And I wonder, was the same God
who was so angry at the Jews
when they swerved from the path,
the same God of the New Testament
who says all I need to do is repent?

So many people in the World
have never heard of God as Christians
claim God – how can they be not saved?
Those who worship loving Gods
and live in kind and compassionate ways –
how can they not be saved?

How can all the people who are traumatized
by life – who are victims in war,
who suffer in all manner of pain,
who love their children and family
and respect with kindness their elders
and those who cross their paths
not be saved?

I am so very tired of the struggle
of men who rage against other religions.
Of those who act in violence and cruelty
against others who live by different principles.
We have been doing so since time immemorial
in the name of our religions and governments.

Wouldn’t it be wonderful if God –
for I have to believe that God sent many
messengers to nations around the World –
filled the Hearts of everyone,
particularly those who carry on Wars,
with Loving Kindness,
filled to the brim, bursting out their
arms and legs and minds . . .
so they could never again imagine
raising a weapon or hand against another?

Yes, Yes, free choice needs to be considered.
But I’d love to see what such a World
would look like, would have the chance to be.
Where saving the World and each other
became the most important principle
by which to live?
I wonder . . .

Passover Week – Who would I be?

When he rode the donkey into Jerusalem that fateful week,
would I have been one of the palm wavers,
dancing before him, singing psalms of his glory,

Or would I have been the cynical one,
or one too reserved to let loose my inner craving for him
and to bless him for all he had done.

Would I be a pot stirrer, easily swayed by Pilate’s men
to decry him, to rabble the crowds against him.
to cheer as he was whipped and beaten.

Was it foretold I would be Judas, his betrayer?
Would I run and hide as Peter, denying my intimacy to him?
Or refuse to watch as he was tried for crimes unknown.

Would I have been Simon the Cyrene, the man who picked up his cross,
shouldering a burden he was too weak to do all by himself.
Or perhaps faithful Mary Magdalene,  following his footsteps to Golgotha

After the betraying, violence, cruelty I participated in,
would I then grow quiet and cry watching him move in such pain.
Or have cheered for Barabbas, the murderer, to be released rather than the King?
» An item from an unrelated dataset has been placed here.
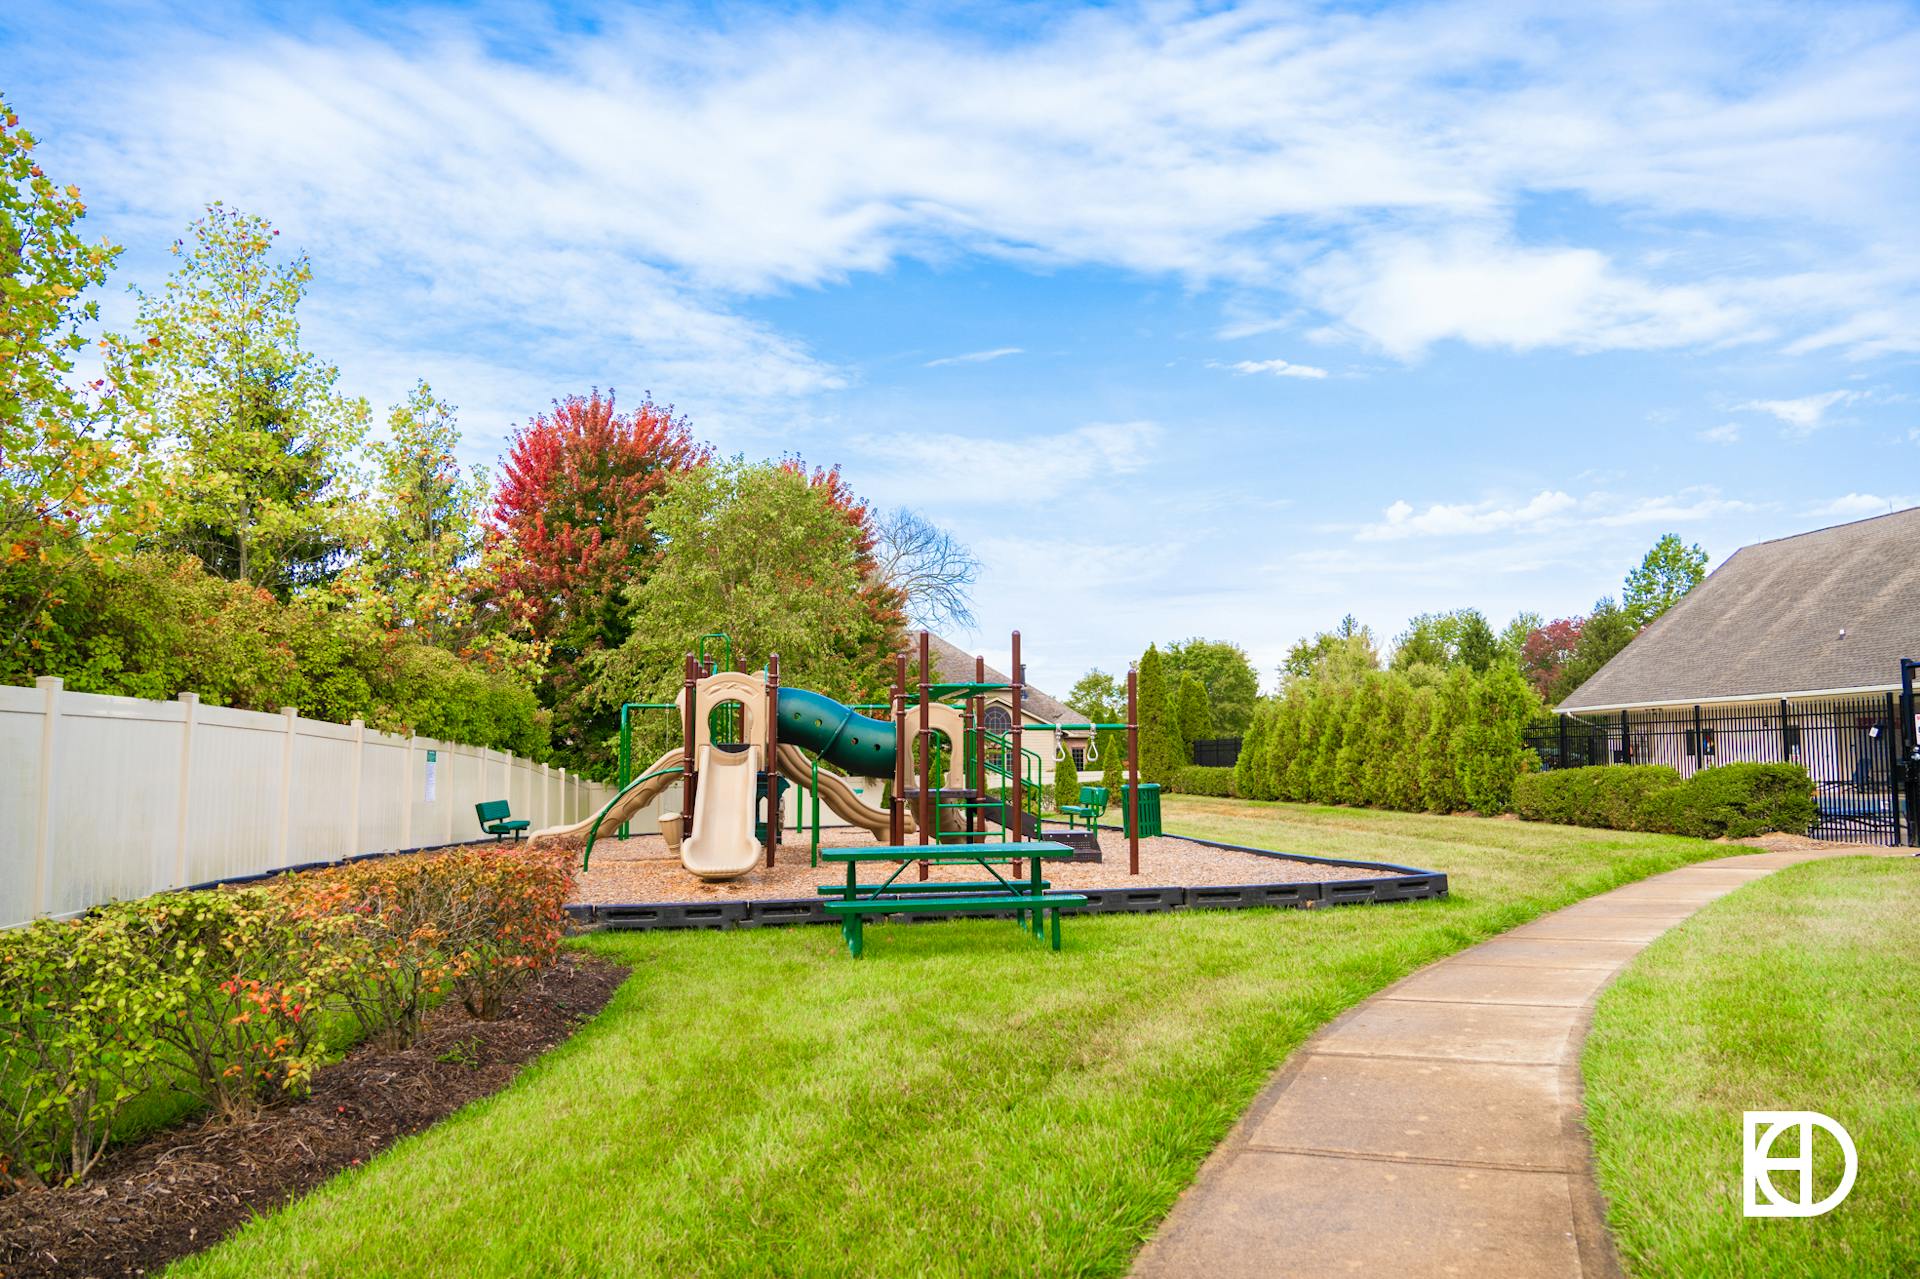 Photo of playground in Austin Oaks neighborhood in Zionsville.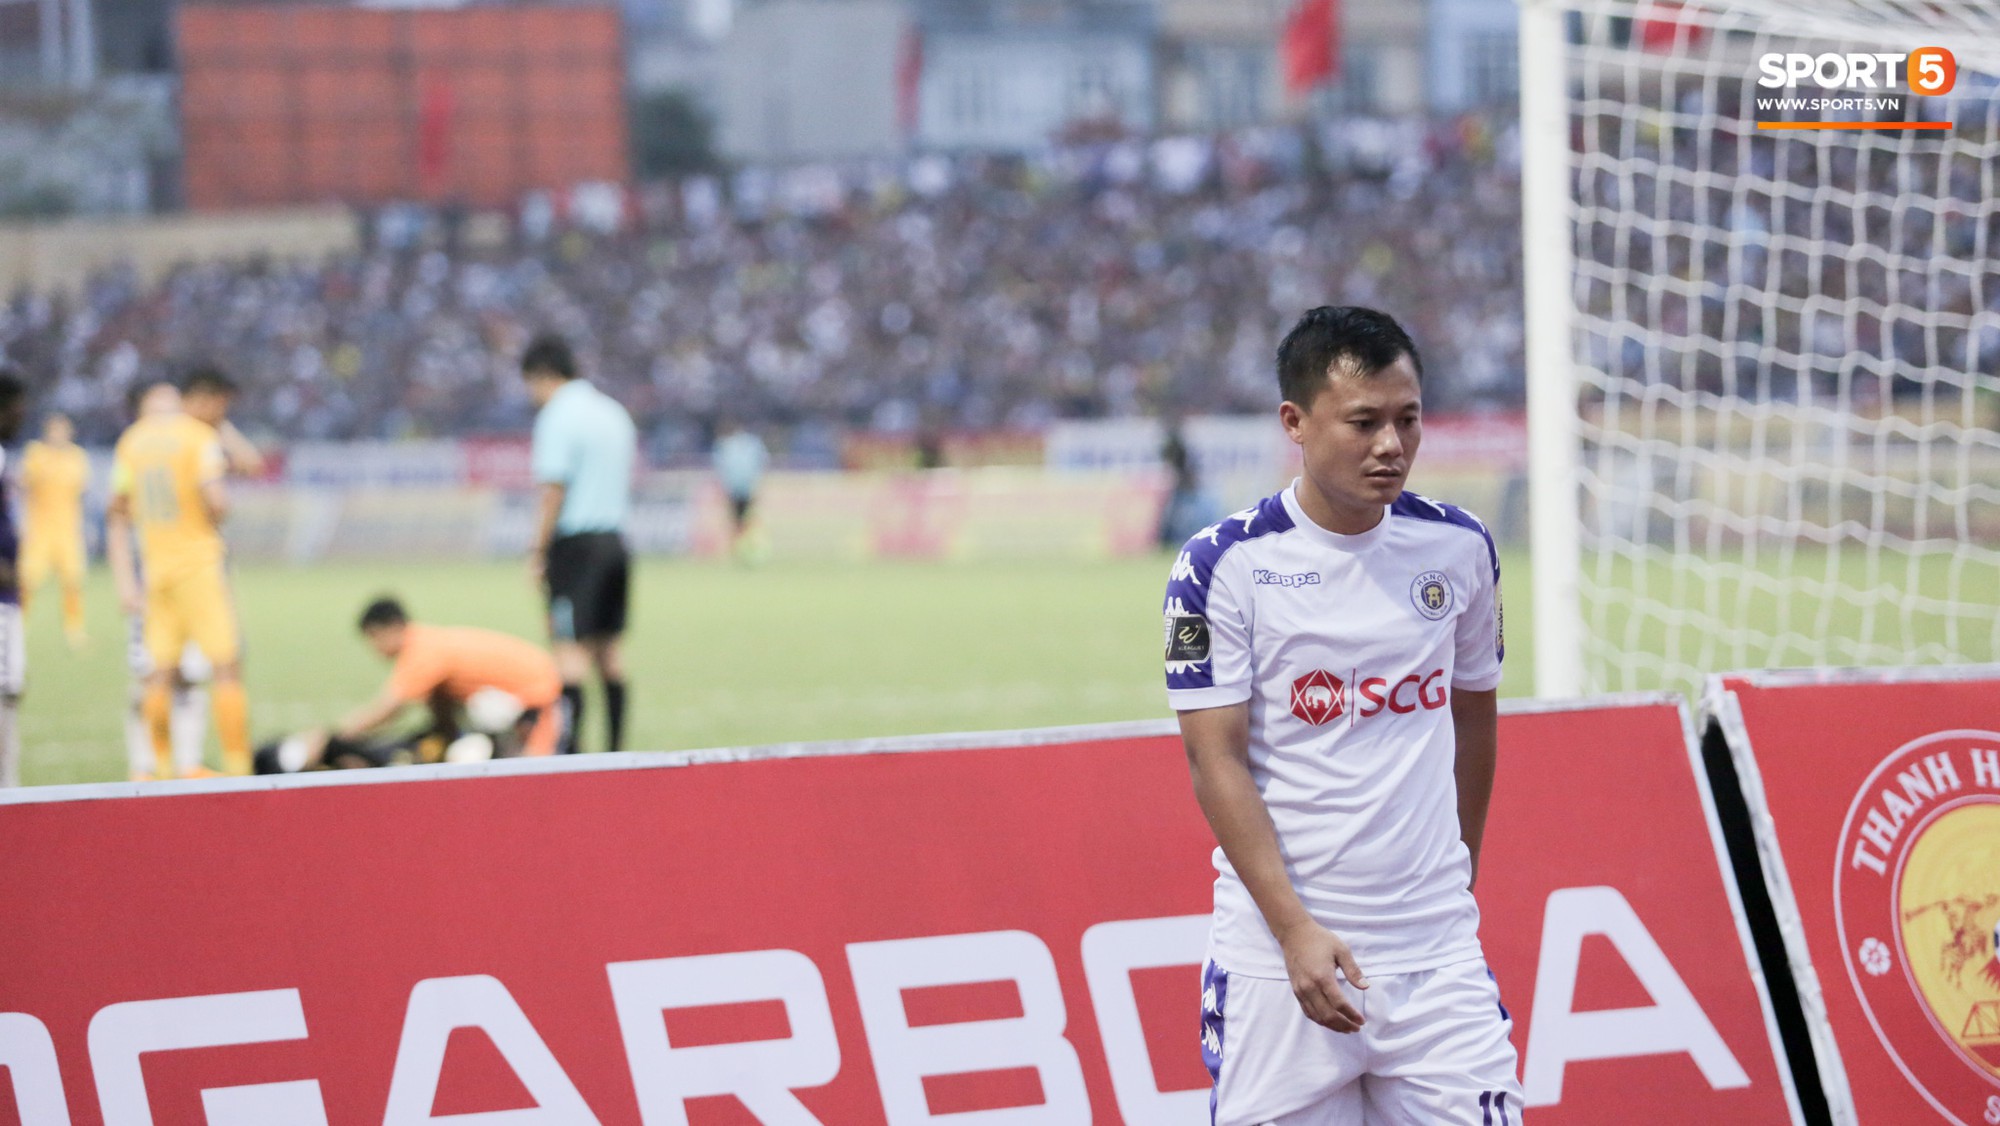 Quang Hải nổi cáu vì cậu bé nhặt bóng câu giờ trong ngày Hà Nội FC thất bại trước Thanh Hóa - Ảnh 11.

I want to say “Of course I would be faithful!
But as human nature would have it,  I could have been the good Jew
that jeered and plotted and planned, scared of new thoughts and feelings.

Could I have opened my mind enough to accept the New Path,
and act against traditions millennia old, that my ancestors revered?
Could I have the strength of purpose to preach, to spread this new religion?

Or would I have done nothing, nothing at all . . .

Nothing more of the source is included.